OK then, we agree that we disagree /forum/fa/1582/0/ but that's OK.

It is shame that those guys don't speak Oracle as their native tongue; if they did, you wouldn't have to ask such questions here. Moreover, they seem to be "Oracle DBAs" just like a lot of "DBAs" in the world (including me) whose only job is to watch Oracle administering itself /forum/fa/1950/0/
Re: Database vs Tablespace [message #654290 is a reply to message #654265] Fri, 29 July 2016 07:42 Go to previous message
EdStevens
Messages: 1321
Registered: September 2013
Senior Member
Please allow me to sum up a couple of points.
While it is true that all you need is a well defined schema, it really does not matter what database that schema is in. If the DBA's (regardless of their competence) want to make a separate database for it, what does that really matter to you? If they want to put it on a completely new server, what does that really matter to you? If they want to put it on a virtual server, what does that really matter to you? Yes, there are legitimate arguments for and against each of those options. But in the end, what does that really matter to you?
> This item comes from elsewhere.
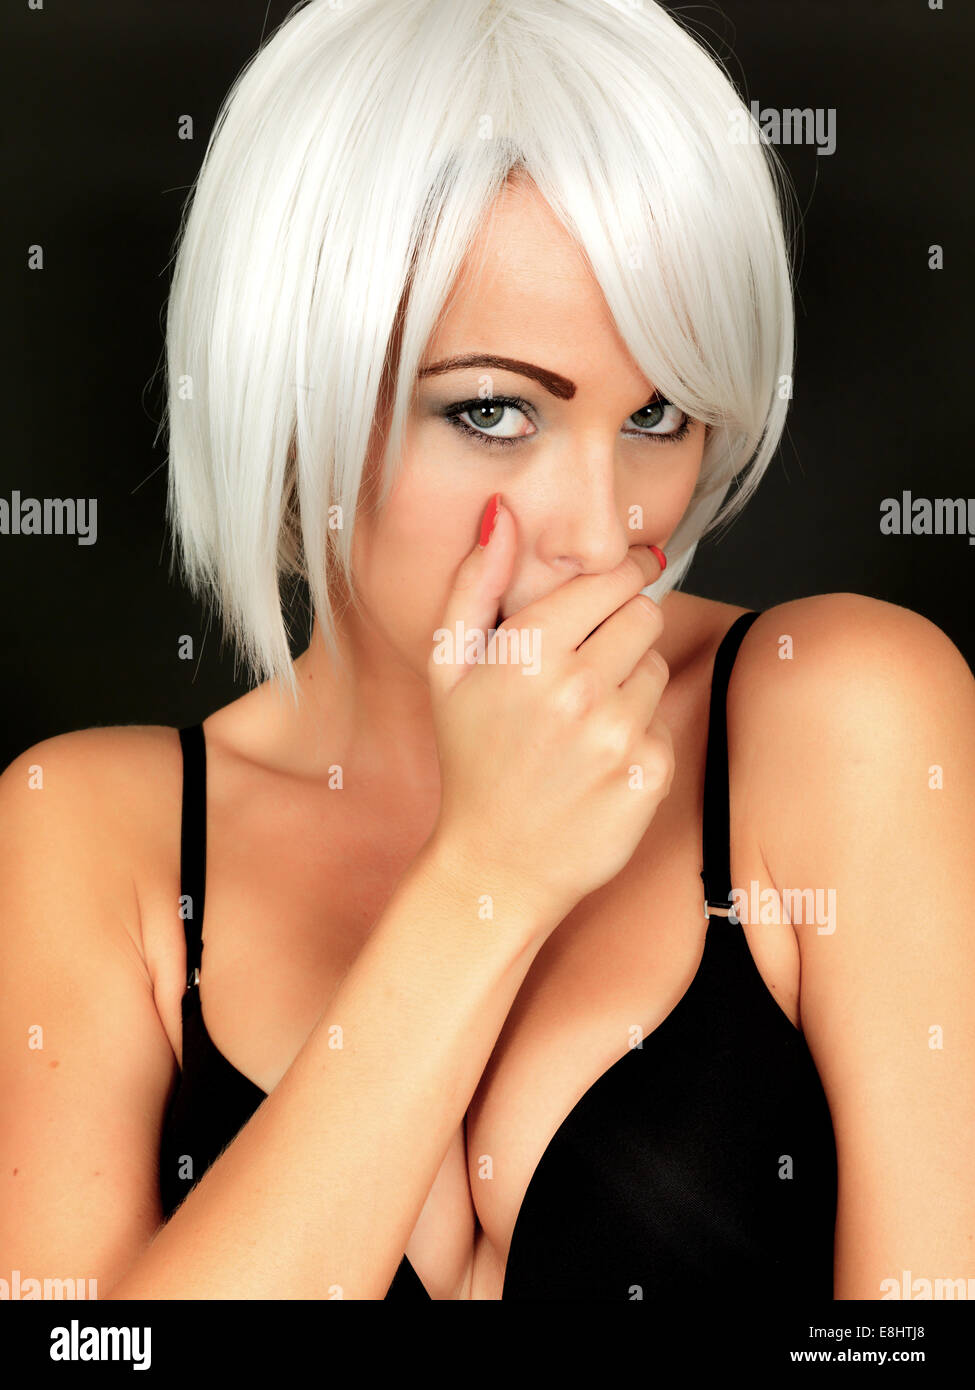 7b4a3a29b3a4b Sexy Shy Embarrassed Young Woman Wearing Black Bra Stock Photo ...

I'd approach it like this ... explain to the DBA's what you need (a schema). Explain to them your understanding of the implementation options, and make it clear that it is "my understanding". If they insist on an implementation you don't necessarily agree with, ask them to explain their reasoning, "just so I'll learn something and understand better." Don't be afraid to say "but what about <fill in the blank with whatever concern>". But keep the attitutude and approach one of "it's your call, but I'd like to better understand the pros and cons of each option." And in the end, keep in mind "what does that really matter to you?"